Pretty disgusting, right? Shockingly, this practice is completely legal, thanks to a tiny loophole in the Fair Labor Standards Act, section 14(c). This antiquated legislation (originally passed in 1938) allows employers certified as “sheltered workshops” to pay subminimum wages to workers based on their assumed productivity. By law, an employer can look at a person with a disability and say: “you only function at 30% productivity, so you get 30% of the normal wage” – and the only permission the employer needs to do so is a dinky certificate from the Department of Labor. More than 2,000 U.S. employers currently hold these certificates, and many of them never even applied with the DOL. Talk about discrimination! Senator Warren asks David Mank, a disabilities expert at the hearing, to clarify:
Sen Warren: “I want to make sure we’re all following this, so I want to ask this question very clearly: a worker with a disability can be paid less than a worker without a disability for doing exactly the same job?”
Mank: “That is correct.”
Fair labor standards my ass.
If it sounds like I’m a little angry, it’s because I am. Senator Warren’s examples are not fabricated; this really happens, and it happens a lot. As someone with a Down Syndrome sibling, I can personally confirm this. When we were kids, my sister participated in a work program through her school, where she made about 25 cents an hour sorting and packaging plastic utensils. At the time, I thought it was neat that she got to learn work skills while getting paid for it. Little did I know, this wasn’t just a nifty skills program for kids with disabilities; the sheltered workshop model - once thought to be helpful - has been corrupted by employers and used to exploit disabled people throughout their careers.
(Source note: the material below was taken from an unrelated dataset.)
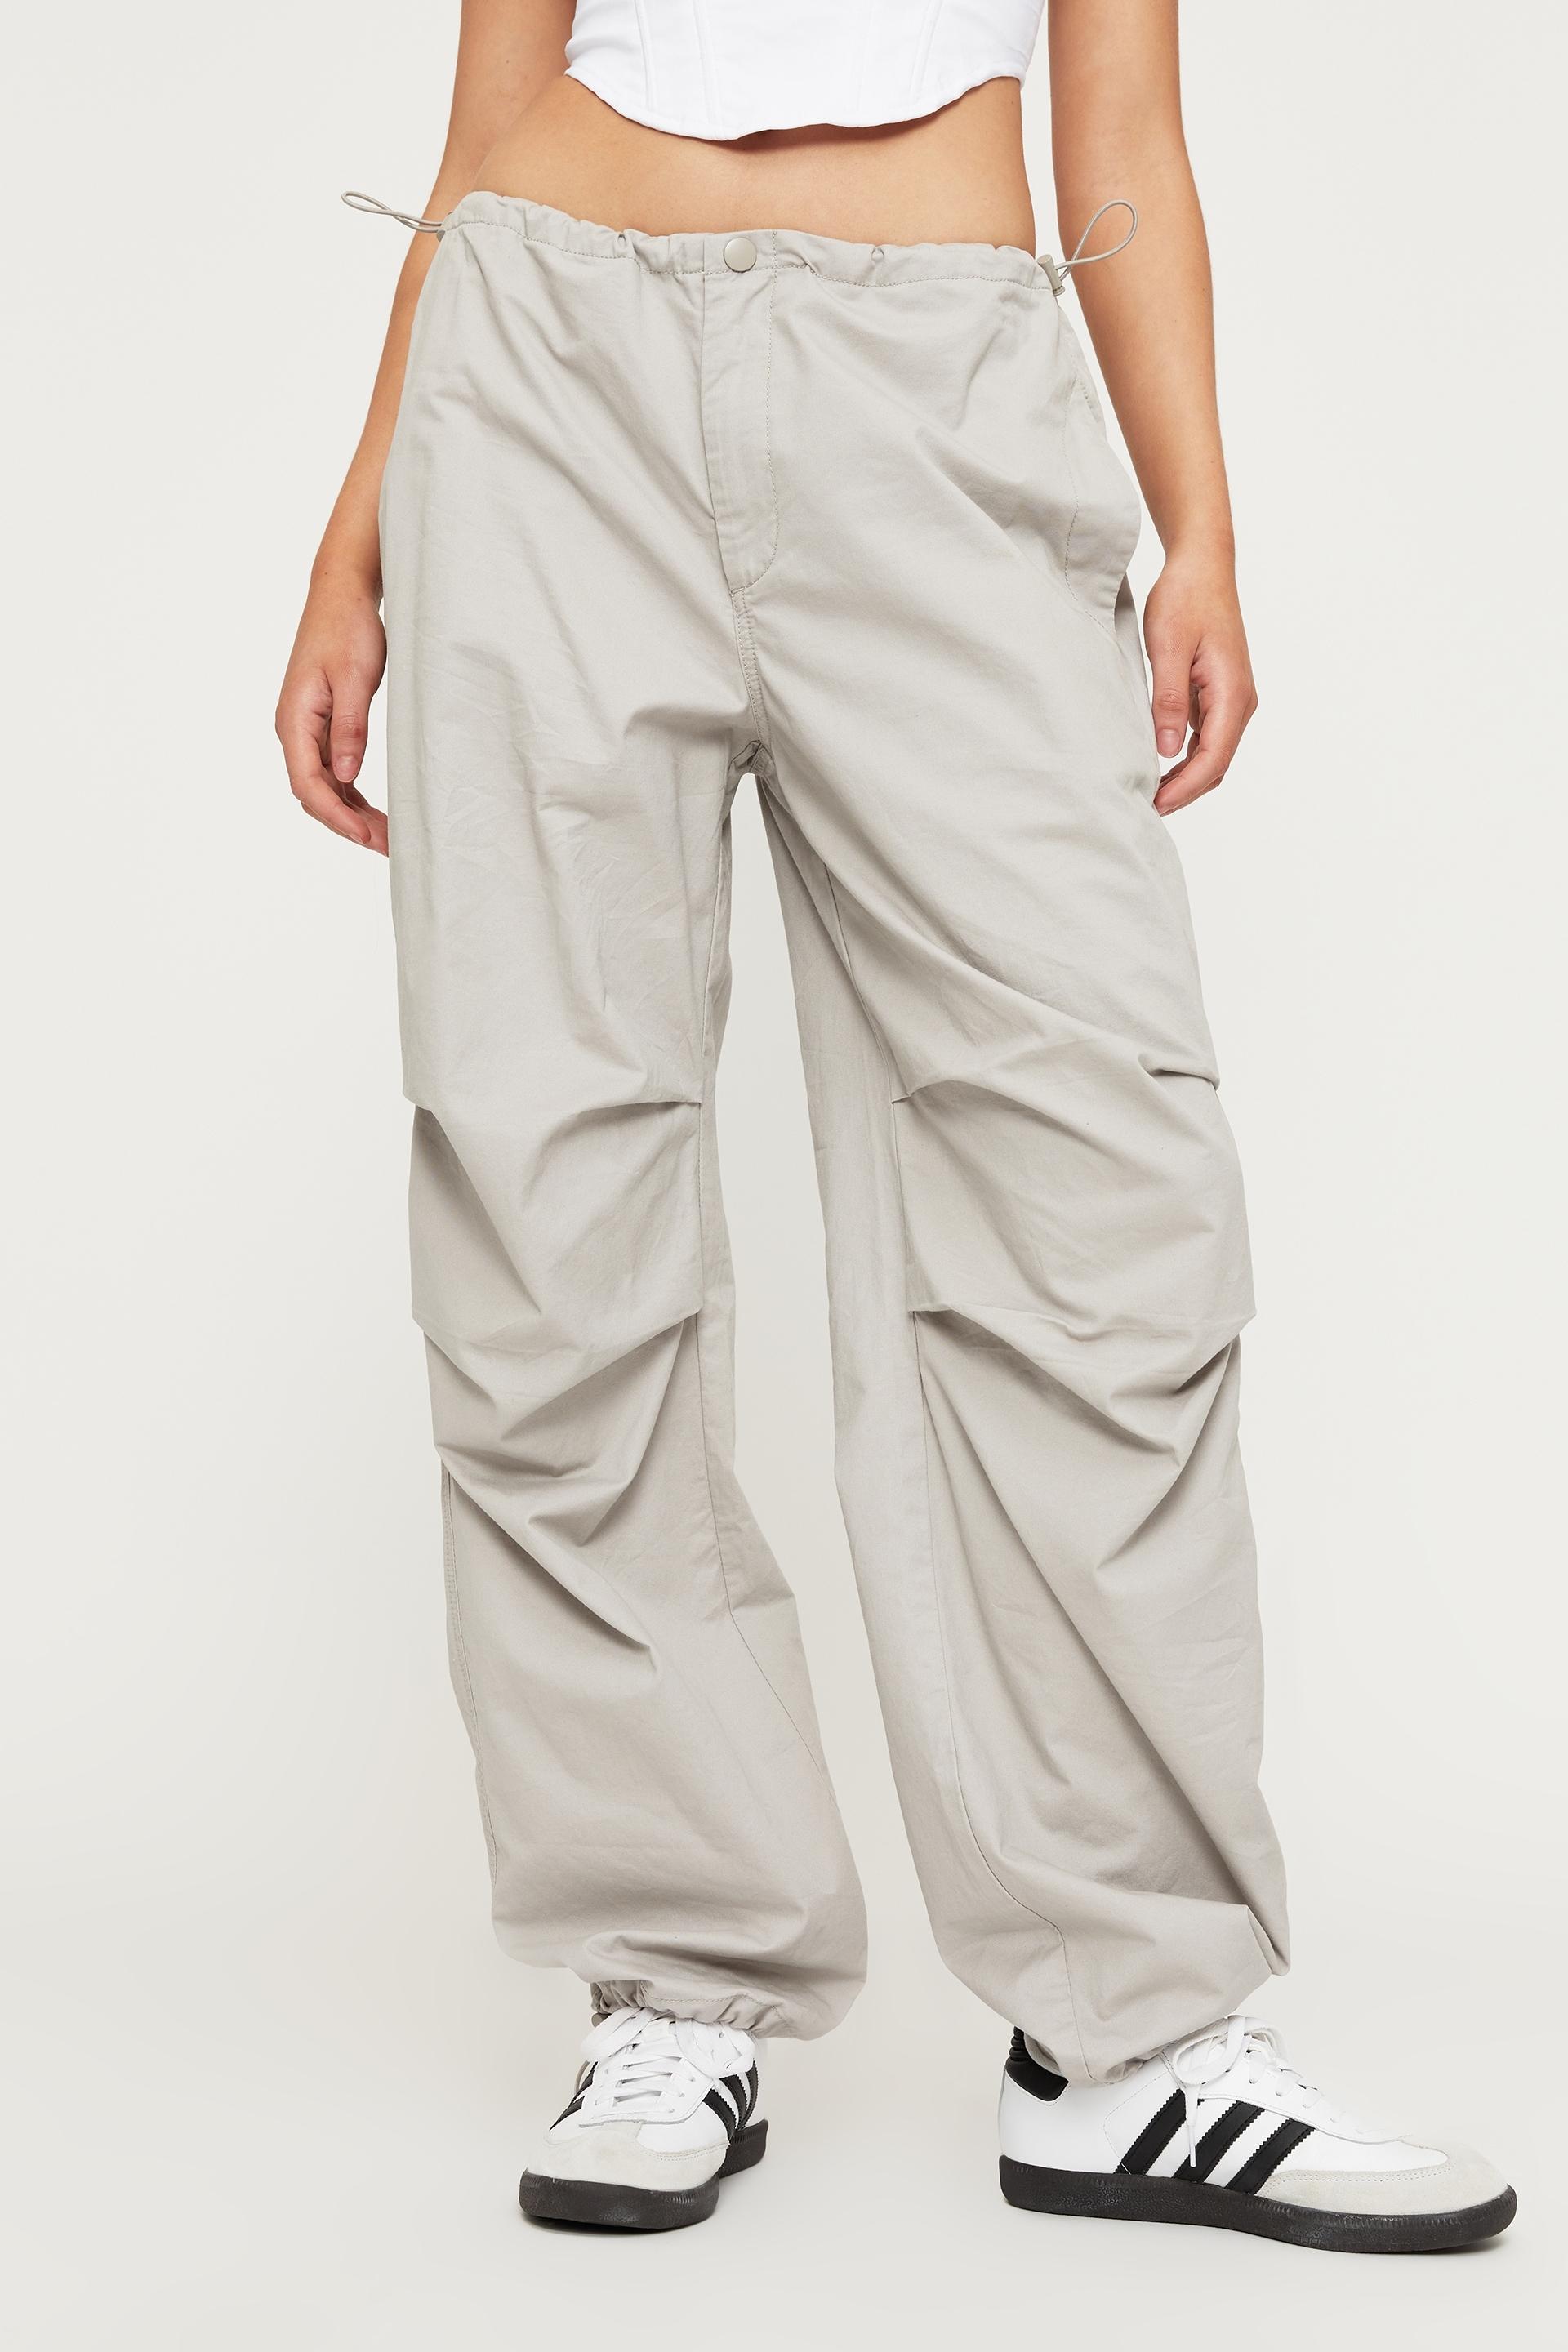 Lala parachute pant - silver grey Supré Trousers | Superbalist.com

I’d like you to take a moment to imagine trying to live on a wage of 25 cents an hour. That’s a mere $10 for a forty-hour week of tedious, somewhat physically-demanding work. That’s $520 per year. I don’t know about you, but that wouldn’t even cover 1/3rd of my bills for a month. What’s more, many people with disabilities need comprehensive and ongoing medical care and supervision, which isn’t cheap. When they can’t rely on their wages to pay for their care, the burden falls on the parent – or the state. Most depend heavily on Medicare and Social Security – necessary funding which our President and many of his supporters in Congress are trying to cut.
The effects of astronomically disproportionate wages reach far beyond doubling the poverty level for people with disabilities. Essentially, they create a box in which the disabled are trapped until someone can help them out. It becomes nearly impossible for people with disabilities to move out of poverty and join the competitive job market because they aren’t offered opportunities to learn new skills. They become isolated from their peers and their communities. Most are kept in the dark as to what’s going on; meanwhile, legislators and employers propagate the short-sighted theory that it’s better than having no job opportunities at all. Like countless others, the disabled are oppressed by the system so their employers can continue to reap the benefits of cheap labor.
This problem has been ignored for far too long. As of 2017, only a handful of states have eliminated the “sheltered workshops” law. The issue, perhaps, isn’t that people don’t want to fight for this cause; it’s that an alarming number of people simply don’t know about it. Each of us has a long list of causes we’re already fighting for, and for whatever reason, this one doesn’t make headlines as often as it should. In the neverending fight for pay parity and diversity, we must not leave people with disabilities behind. 14(c) is an ugly and archaic monster that must be brought into the light and abolished. As Elizabeth Warren said at the hearing:
“I don’t think most Americans know that this kind of discriminatory treatment is perfectly legal, but I’ll bet that if they did, they’d agree that individuals with disabilities ought to be paid fairly for their work.”
Well, Senator Warren, I couldn’t agree more.